If you are a politician and you want to learn about tech and society: watch the Good Wife!
The CBS lawyer series the Good Wife, build around the fictional lawyer Alicia Florrick, often presents us tech cases with interesting legal and ethical questions. It introduces the general public to the legal and ethical dilemmas that come with artificial intelligent (AI) based decision making.
The other day I watched the episode “Two Girls One Code”. In this episode the facts of the matter were as follows.
Chumhum is an imaginary search engine, let’s say the equivalent of Google. As with Google, Chumhum makes rankings when presenting search results. All of a sudden Chumhum ranked Motions, a software voice recognition company, from place one to a much lower ranking. Such in favor of another company. Motions argued that they suffered damages, arguing that if a search engine ignores you, you actually do not exist.
Chumhum denied that they willingly changed the algorithm to the detriment of Motions. Mr Gross (the owner of Chumhum), however, couldn’t exactly explain to the judge (an older but very tech savvy judge) how the search algorithm works.
Motions demanded to make the search algorithm transparent.
AI principles and guidelines
AI is a collective term for technologies that have a (rudimentary) form of cognition and with which the makers have tried to imitate a part of the human brain. Technology that makes use of machine learning is a form of AI that is able to develop itself through analysis of data and thus to make decisions that are not or not fully programmed by man.
AI and machine learning are powerful concepts. They are able to perform complex tasks, process data in a very speedy and efficient way and help organizations in their decision making. They become more and more embedded in the public domain, where they have a tremendous impact on everyday life.

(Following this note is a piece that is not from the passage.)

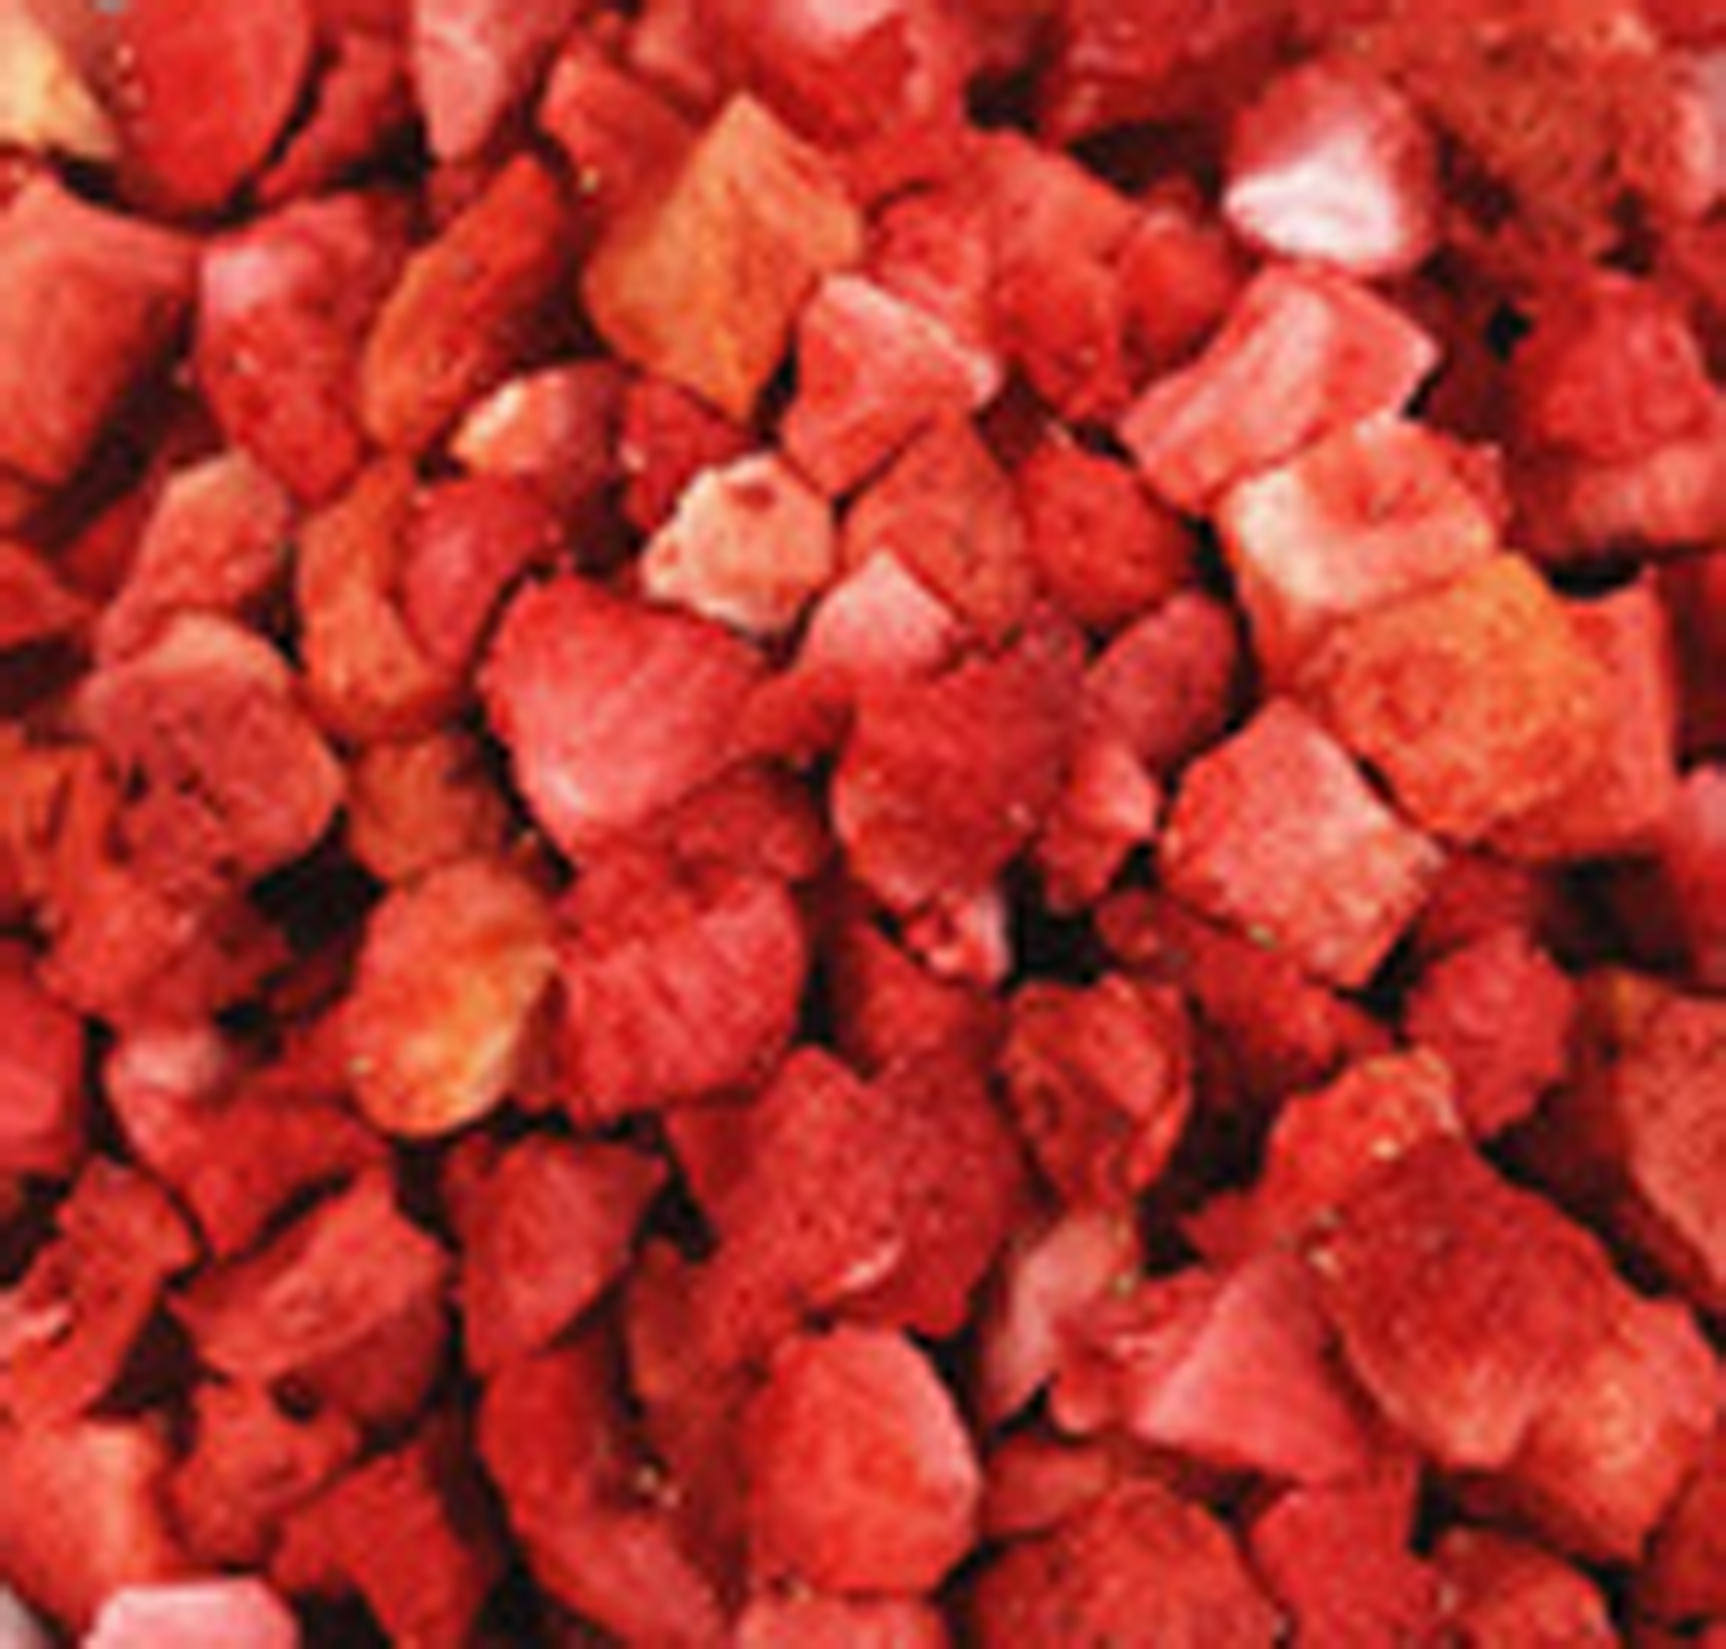 Freeze dried strawberry solution

The past years the AI debate has shifted to building trustworthy AI. Formulating principles and considerations on trustworthy AI are part of this debate.
With data being ubiquitous, humans becoming smarter in programming and computational power increasing, humans are more prone to be subjected to automated decision making. These developments give rise to all kinds of questions. How can we safeguard human freedom, fair competition, autonomy and social values? But also, how do we guarantee freedom of expression.
How do we know what the algorithm does what is does?
The last years we see a plethora on principles and guidelines on trustworthy AI. These principles and guidelines are intended to give more direction to and insight in the development of AI.
To mention some (for a more complete overview click here):
· The IEEE (the Institute of Electrical and Electronics Engineers), the world’s largest technical professional organization dedicated to advancing technology for the benefit of humanity, has launched Ethically Aligned Design: A Vision for Prioritizing Human Well-being with Autonomous and Intelligent Systems.
· The UN Human Rights Council endorsed the “Guiding Principles on Business and Human Rights: Implementing the United Nations ‘Protection Framework” in its resolution 17/4 of 16 June 2011. These guidelines provide a global standard for preventing and addressing the risk of adverse impacts on human rights linked to business activity.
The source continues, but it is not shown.